Но Себастьян знал, что просить бесполезно. Поэтому он пробовал в отсутствие старшего брата открыть шкаф самовольно, пользуясь сломанной шпилькой, лезвием ножа и другими самодельными орудиями. В конце концов он убедился, что если просунуть руку в отверстие решетки, то можно вытащить одну из тетрадей, потоньше. Это удалось ему, и он ревностно занялся перепиской токкат [2] и прелюдий Бухстехуде.
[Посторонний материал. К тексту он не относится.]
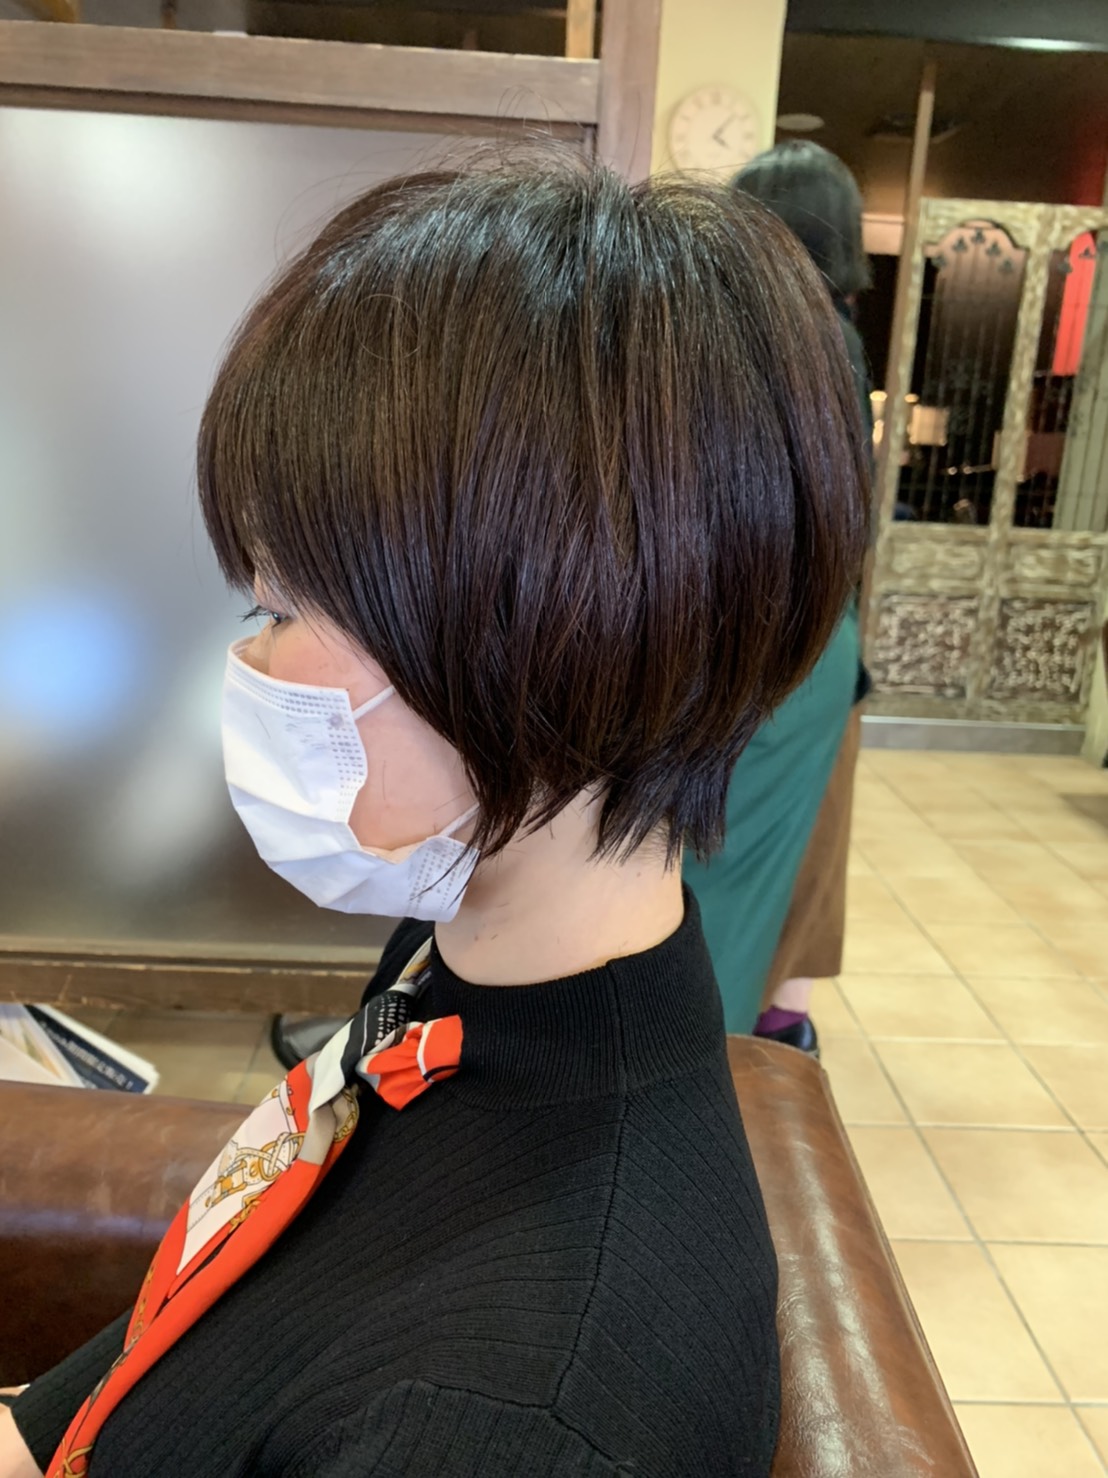 もう失敗しない 奈良の美容院でショートヘアの失敗を直します 奈良 京都 大阪の美容室 ハピネス

Он переписывал их по ночам – без огня, при лунном свете. Как ни ворчал Якоб, который, набегавшись за день, крепко засыпал и не мог, при всей преданности брату, караулить у двери, как ни болели от напряжения глаза у самого Себастьяна, он не прекращал работы, пока длилось полнолуние.

Фрау Бах уже обратила внимание на его красные глаза. Возможно, что и сам Христоф заметил пропажу-одного из своих томов. Однажды ночью он явился в комнату мальчиков, бесшумно, похожий на привидение в своем ночном колпаке. Якоб, который как раз не спал в ту ночь, даже не расслышал его шагов.

– Какой стыд! – сказал Иоганн-Христоф после долгого молчания. – Наш род славится музыкантами, но в нем никогда не было воров!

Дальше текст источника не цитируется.